The researchers in this study have an interest in colon cancer rather than aging, but their results on DHA supplementation and mitochondrial cell membranes happens to be relevant from an anti-aging perspective. In order to further understand the protective effects of DHA and fiber consumption had against colon cancer, the researchers speculated that the lipid component of the diets they were observing (corn oil vs fish oil…..linolic acid vs. EPA/DHA), changes the unsaturation in the mitochondrial membrane making them more susceptible to reactive oxygen species (ROS….oxidative damage). Keep in mind this study only focuses on the mitochondria in the colon, BUT they referenced two papers analyzing the mitochondria from heart and liver tissue that resulted in the same dietary effects. (link1, link2)
To test their theory, rats were given diets with three different types of fat: fish oil, corn oil, or a FAAE: fatty acid ethyl ester (to mimic the fatty acid composition of fish oil, but in a purified form). The mitochondria from the cells in the rat’s colonic crypts were analyzed after being fed the specialized diet for 2 weeks.
Both the fish oil and FAEE diets increased the levels of unsaturation (the higher the degree of unsaturation, the greater number of rings, double, ,or triple bonds in a molecule) in the mitochondrial membrane phospholipids, and these rats had higher levels of unsaturation than the corn oil fed rats.
They observed a strong correlation between ROS and the degree of unsaturation, but only in one area: ROS increased as the degree of unsaturation in the membranes increased BUT only significantly for the cardiolipin fraction WHICH IS ONLY IN THE INNER MEMBRANE. There was not a significant association between ROS and other areas of the mitochondrial membrane although the fish oil and FAEE diets did show increased ROS.
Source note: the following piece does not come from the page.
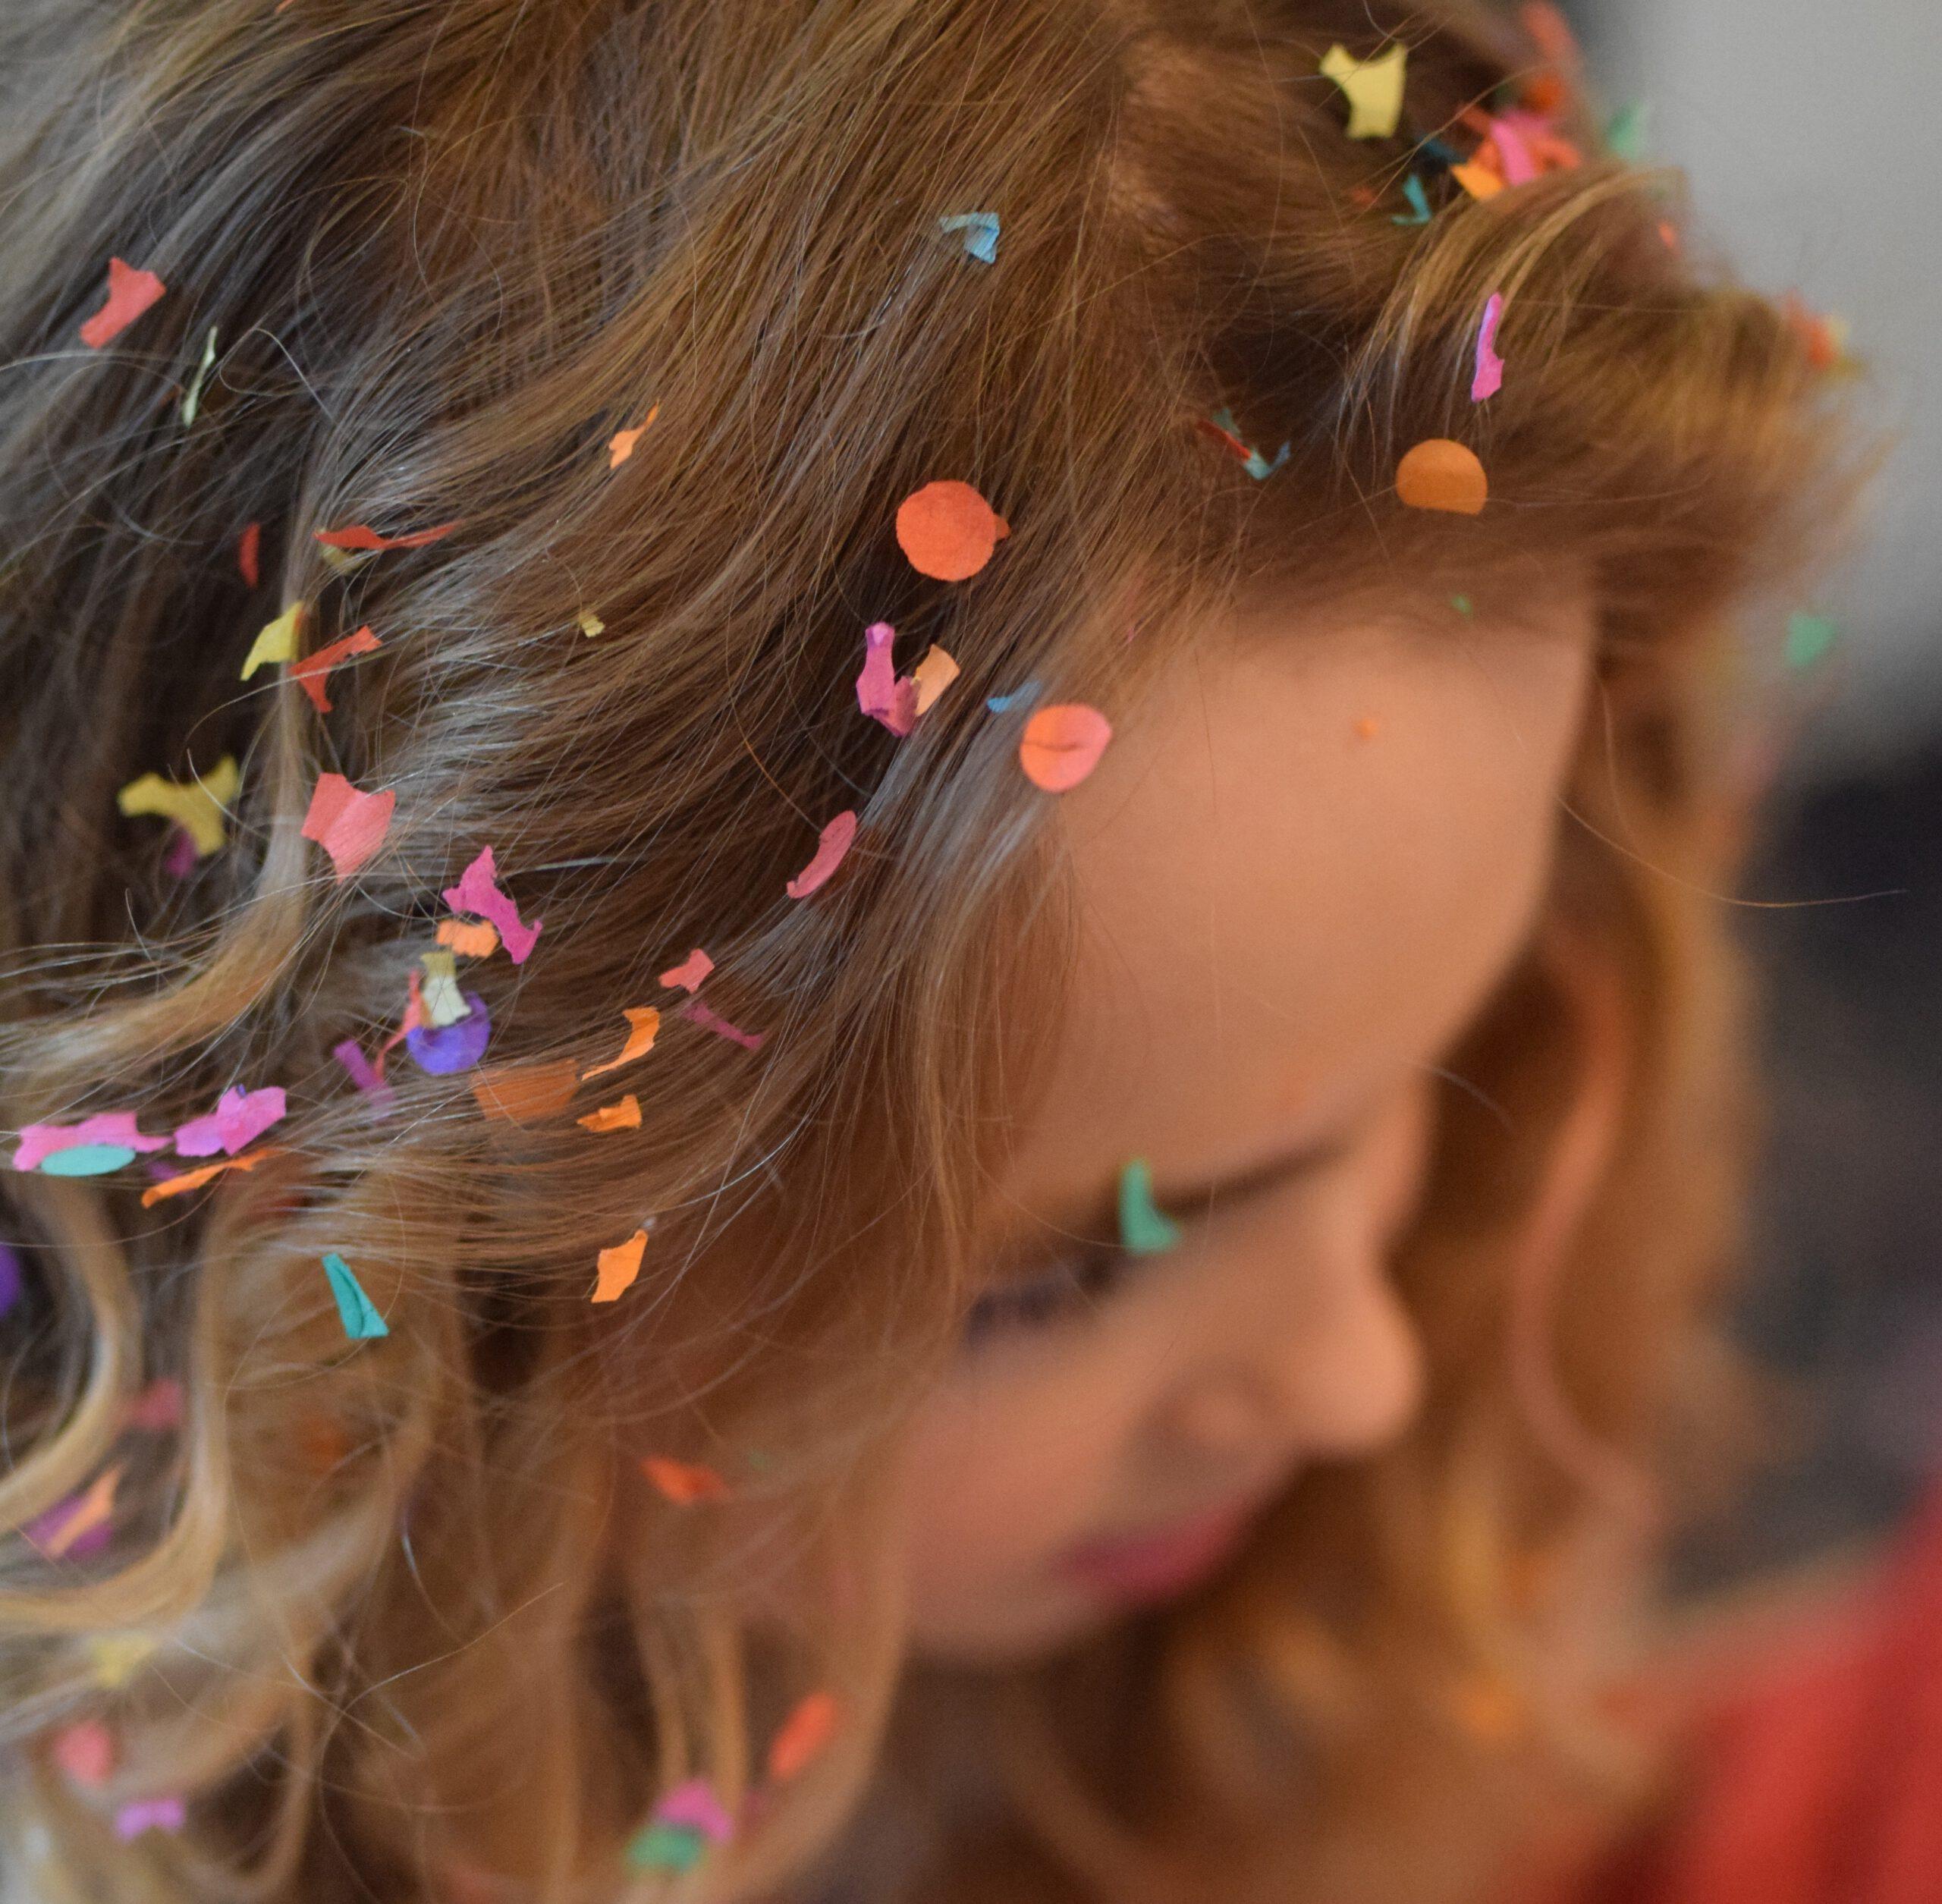 meisje met confetti in het haar

Also, the researchres refrence a study that found: “Oxidative damage to the cardiolipin has been shown to result in a depression of mitochondrial function” (ref: Mitochondria and Apoptosis)
The conclusion of this paper, which supports evidence in other research studies, was that dietary consumption of different fats changes the lipid concentrations in colon cell mitochondrial membrane phospholipids. A diet high in DHA/EPA can cause these membranes to have a higher degree of unsaturation (more DHA in the membrane) and, at least in the cardiolipin component of the mitochondrial inner membrane, it can cause higher rates of oxidative damage.
From the perspective of controlling cancer cells in the colon, this can be good, but from an anti-aging perspective this is likely bad. Those with poor diets and/or high colon cancer risks would likely benefit from DHA supplementation based on these findings, but a person practicing calorie restriction with optimum nutrition would likely not need these particular protective effects. This is not to say there are no beneficial effects of DHA for CRONies, but given that the evidence shows dietary consumption of DHA/EPA can change the degree of unsaturation in colon, heart, and liver cells (what I have personally read, there may be additional studies), the inner mitochondrial membrane is likely compromised by increased ROS activity in all cases.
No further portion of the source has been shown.